Al escuchar débiles sollozas haciendo eco entre los parapetos, comprendió que no era el único. Parecía que toda la tropa seguía despierta. De repente, una fogata se encendió y trescientas almas perdidas, desoladas, sin esperanza, se reunieron en torno al fuego. Sobrevivientes todos de bombardeos e incursiones inútiles, pero ¿por cuánto tiempo más? Heinrich sabía que posiblemente no llegaría al Año Nuevo, así que pese a la tragedia que lo rodeaba, decidió que sus temblorosos colegas eran la mejor compañía que podía esperar. Ignorando las gélidas corrientes de aire, comenzó a cantar.
Al otro lado de la Tierra de Nadie, Tommy tiritaba de frío mientras los copos de nieve caían sobre su cuerpo. Tenía el brazo vendado, una bala lo había rozado en la mañana, pero sabía que contaba con más suerte que muchos. Dentro del hueco y fuera de él, sólo el frío evitaba que el hedor de los cuerpos fuera insoportable, y a unas horas de medianoche se seguían escuchando quejidos de los heridos fuera de la trinchera, arrastrándose en busca de refugio, rogando en inglés, en francés, en alemán.

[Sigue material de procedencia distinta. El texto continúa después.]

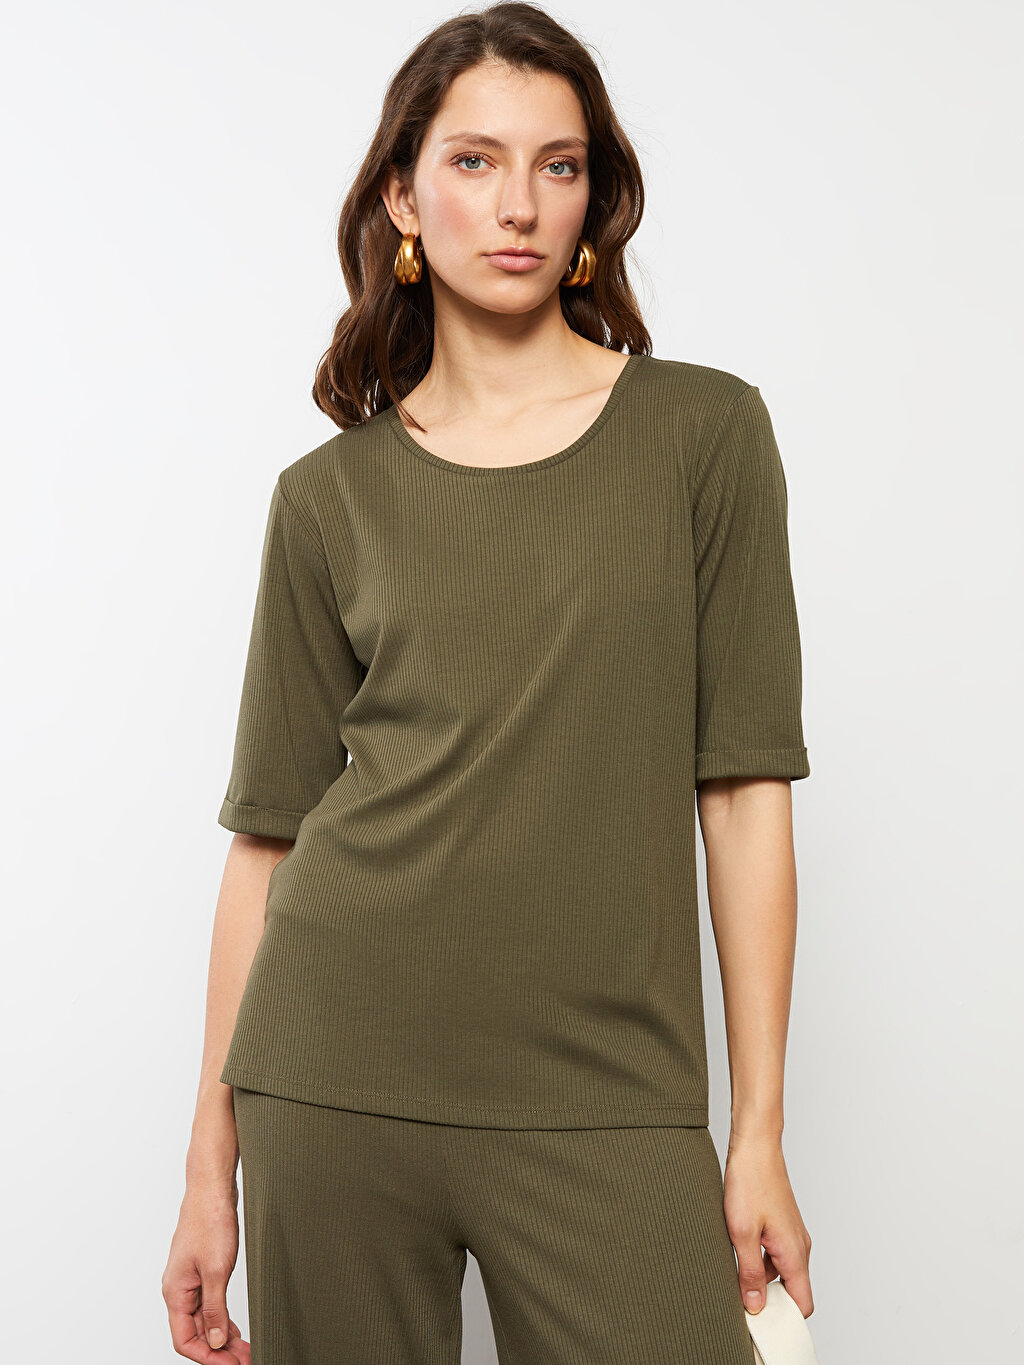 Short sleeve blouse women  Designer women's top with 3 vegetable dyed cotton fabrics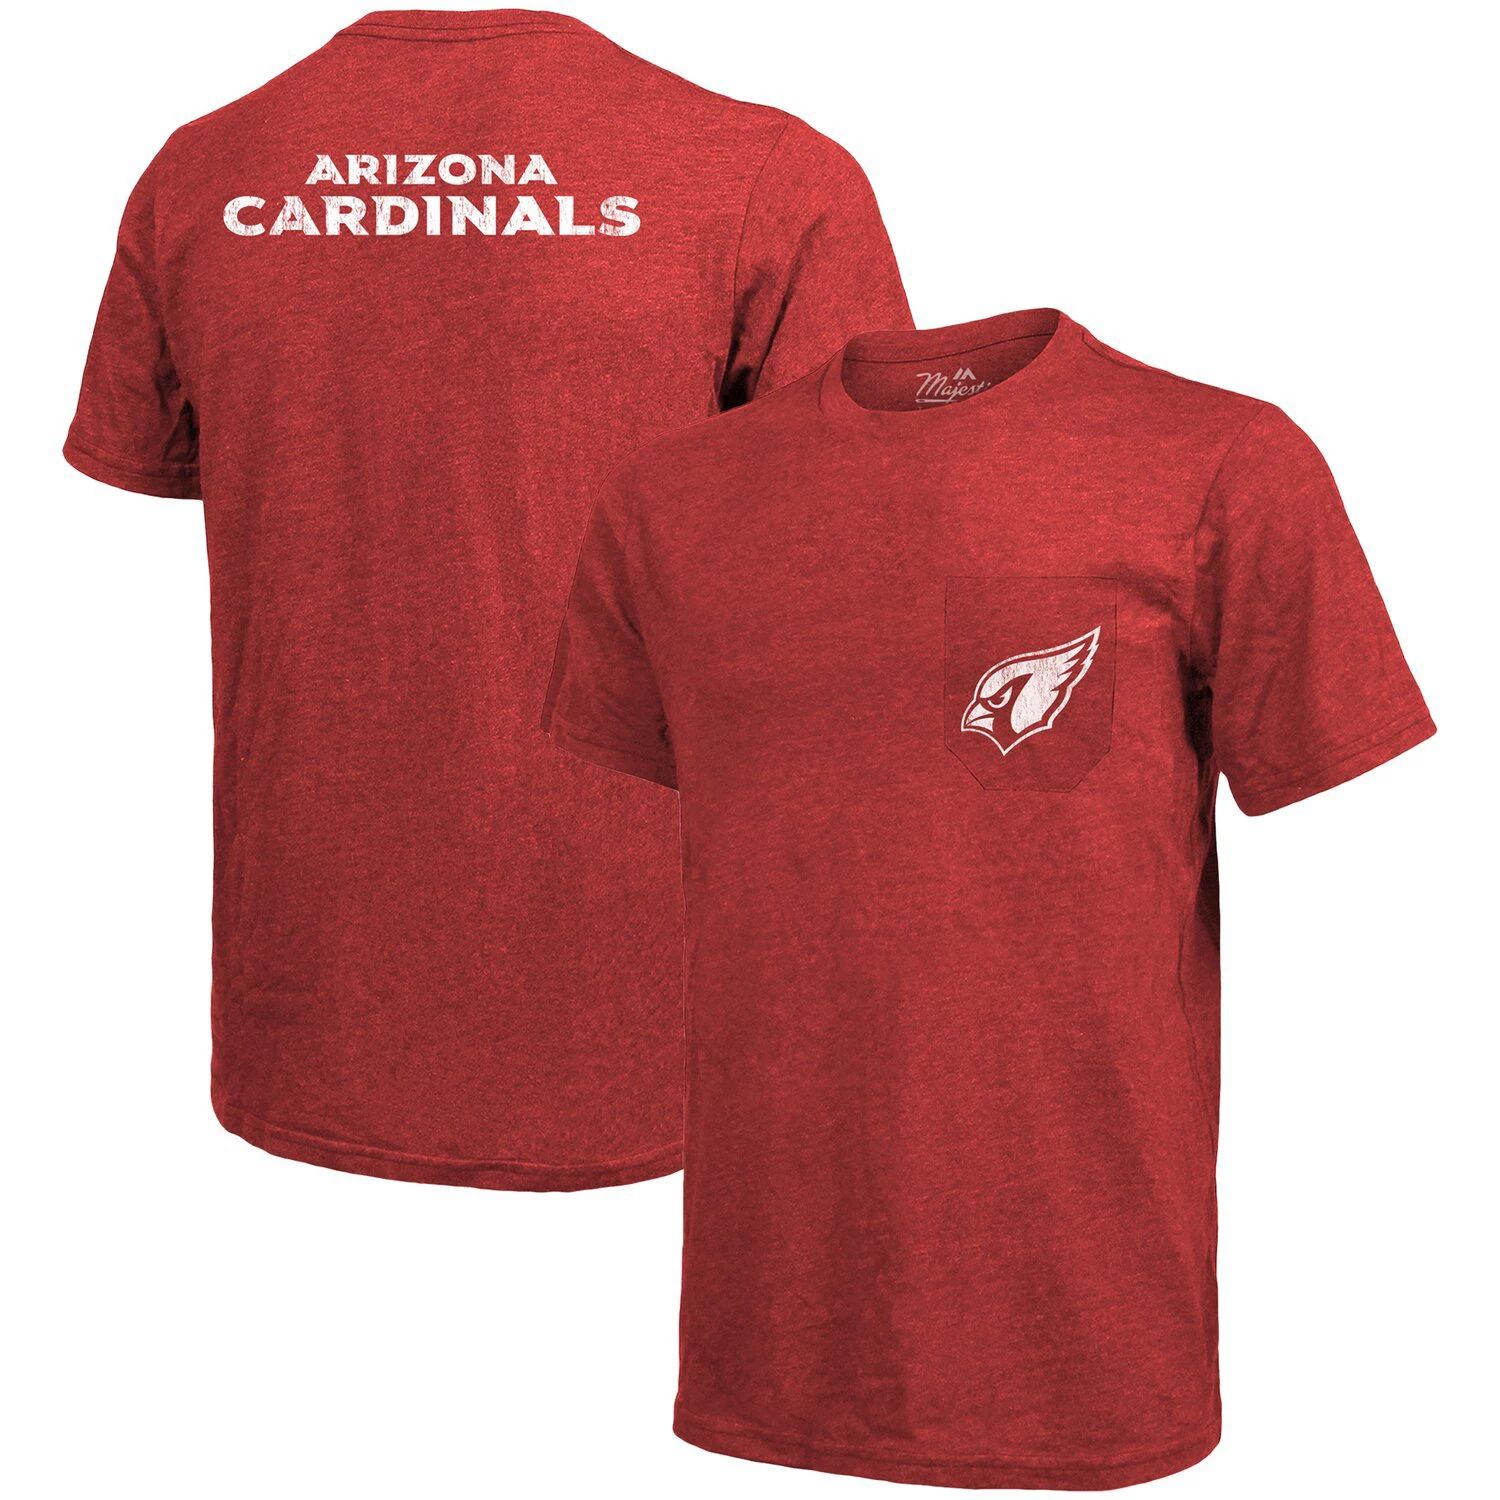 Футболка с карманами Tri-Blend Arizona Cardinals Threads - Cardinal Majestic футболка с карманами tri blend arizona cardinals threads cardinal majestic

Súbitamente, en el bando enemigo un fuego se encendió, y los británicos se prepararon para una posible emboscada. Tras tomar sus armas, el teniente les ordenó que guardaran silencio, tratando de comprender los murmullos lejanos. Una voz tenue rompió el silencio desde el otro lado, y conforme más hombres se le unían el estruendo se hacía mayor, formando un coro de trescientas voces en armonía. Tommy no entendía una sola palabra de alemán, pero habría podido reconocer esa melodía en cualquier lengua: estaban cantando Noche de Paz. Sólo entonces recordó que era Nochebuena.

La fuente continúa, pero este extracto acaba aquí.